Reproduce exactly the lines of this material that begin at the line with "Teriyaki Seitan and Squash Bowl (Vegan)" and end at the line with "Polished Chrome Bathroom", both included. Omit the pictures and everything else.

**RECORDS SUPPLIED:**
....................

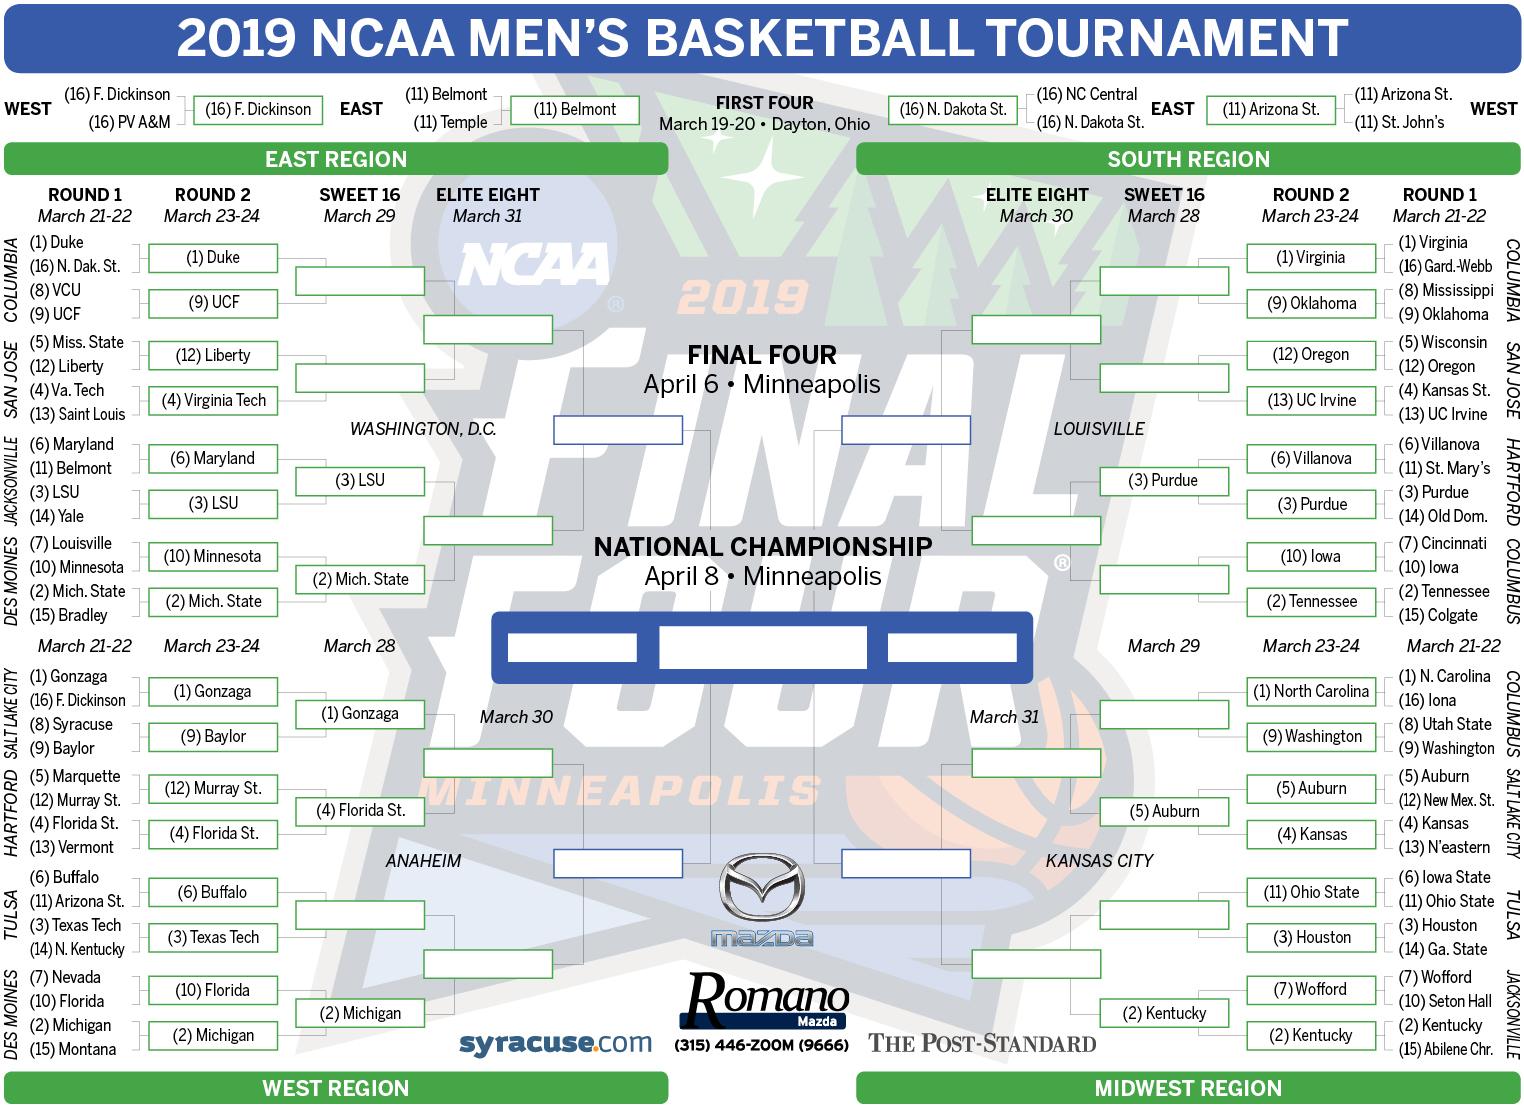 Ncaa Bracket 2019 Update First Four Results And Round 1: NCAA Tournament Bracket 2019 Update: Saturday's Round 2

....................

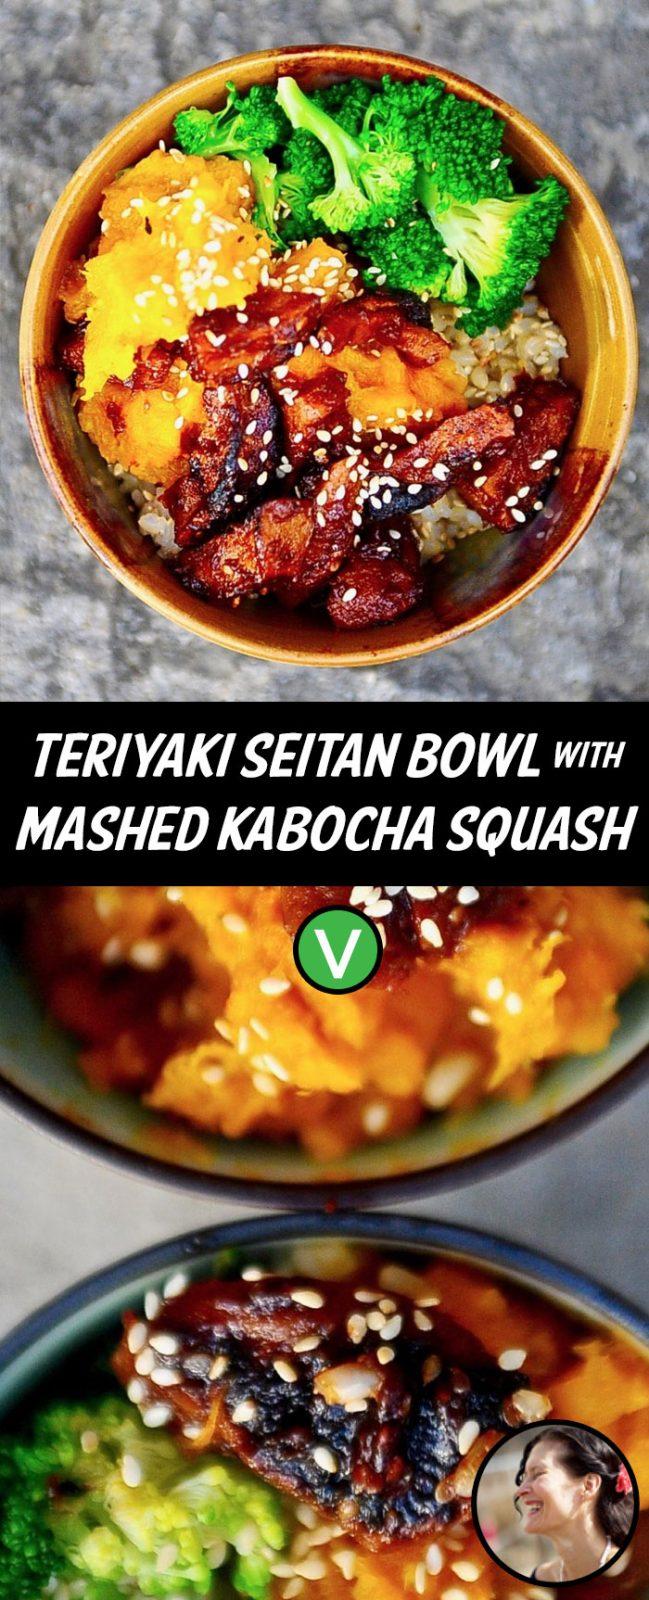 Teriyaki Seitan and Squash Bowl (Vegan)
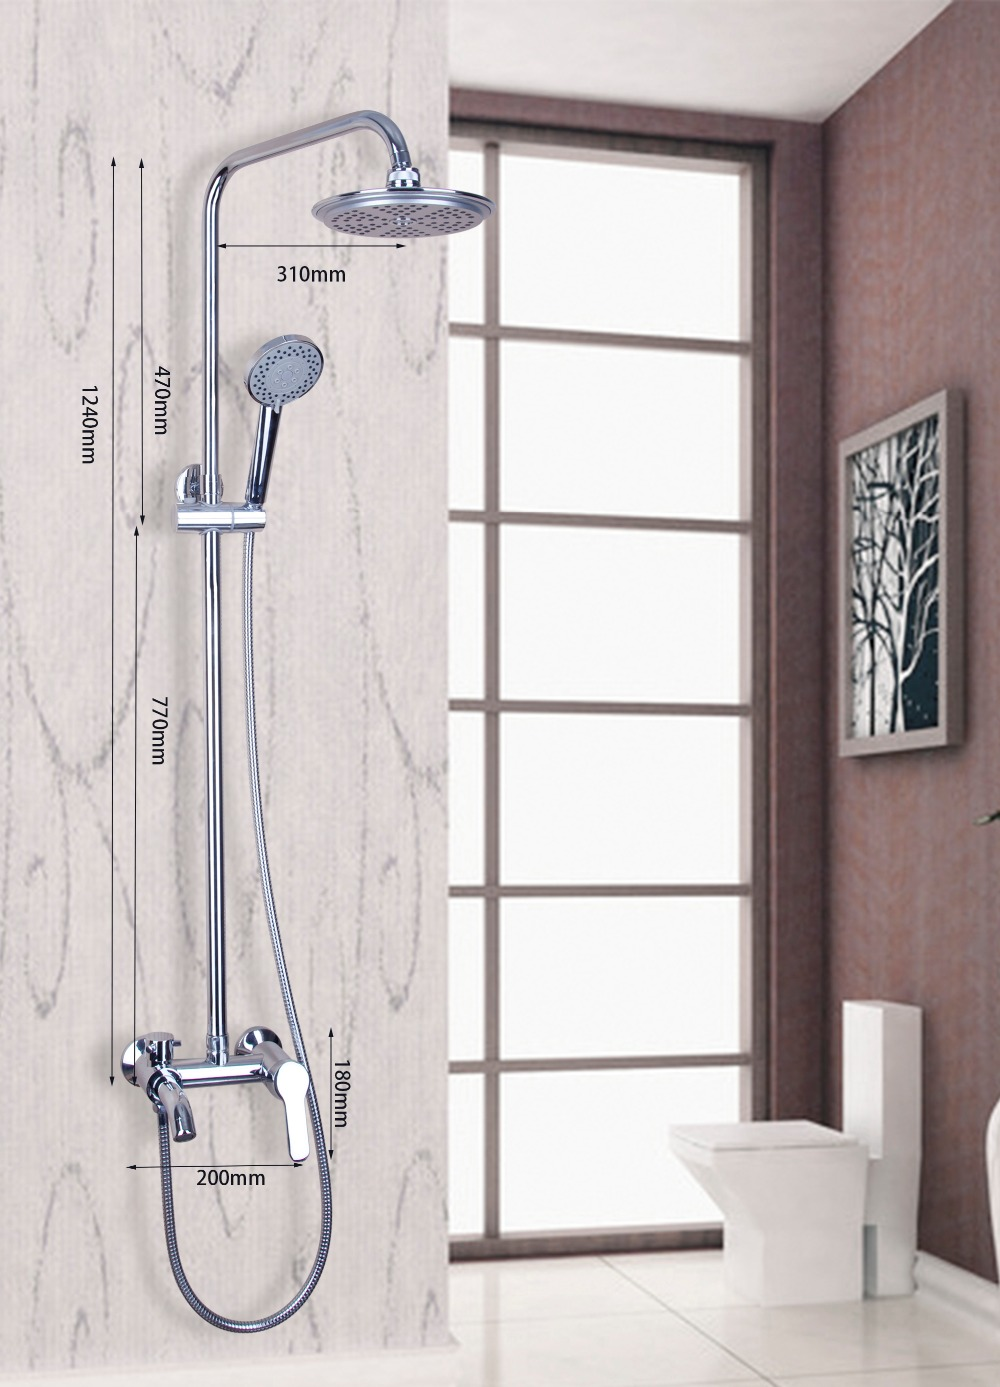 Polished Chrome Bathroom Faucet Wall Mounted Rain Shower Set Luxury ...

....................

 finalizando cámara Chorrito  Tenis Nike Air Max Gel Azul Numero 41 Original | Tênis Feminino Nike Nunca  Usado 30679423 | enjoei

....................

**ANSWER TO THIS EXERCISE:**
 Teriyaki Seitan and Squash Bowl (Vegan)
 Polished Chrome Bathroom Faucet Wall Mounted Rain Shower Set Luxury ...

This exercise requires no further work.